▶ WHAT TO PRODUCE:
Each line below should be repeated exactly as it stands.

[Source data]
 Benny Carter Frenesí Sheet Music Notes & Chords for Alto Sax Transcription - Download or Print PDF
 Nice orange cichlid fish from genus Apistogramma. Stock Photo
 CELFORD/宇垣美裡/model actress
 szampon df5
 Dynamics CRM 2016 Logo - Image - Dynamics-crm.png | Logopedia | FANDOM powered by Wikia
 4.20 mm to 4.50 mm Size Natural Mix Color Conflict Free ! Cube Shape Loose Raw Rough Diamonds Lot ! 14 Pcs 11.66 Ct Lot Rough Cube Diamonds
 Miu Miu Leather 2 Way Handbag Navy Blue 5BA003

▶ RESULT OF THIS EXERCISE:
 Benny Carter Frenesí Sheet Music Notes & Chords for Alto Sax Transcription - Download or Print PDF
 Nice orange cichlid fish from genus Apistogramma. Stock Photo
 CELFORD/宇垣美裡/model actress
 szampon df5
 Dynamics CRM 2016 Logo - Image - Dynamics-crm.png | Logopedia | FANDOM powered by Wikia
 4.20 mm to 4.50 mm Size Natural Mix Color Conflict Free ! Cube Shape Loose Raw Rough Diamonds Lot ! 14 Pcs 11.66 Ct Lot Rough Cube Diamonds
 Miu Miu Leather 2 Way Handbag Navy Blue 5BA003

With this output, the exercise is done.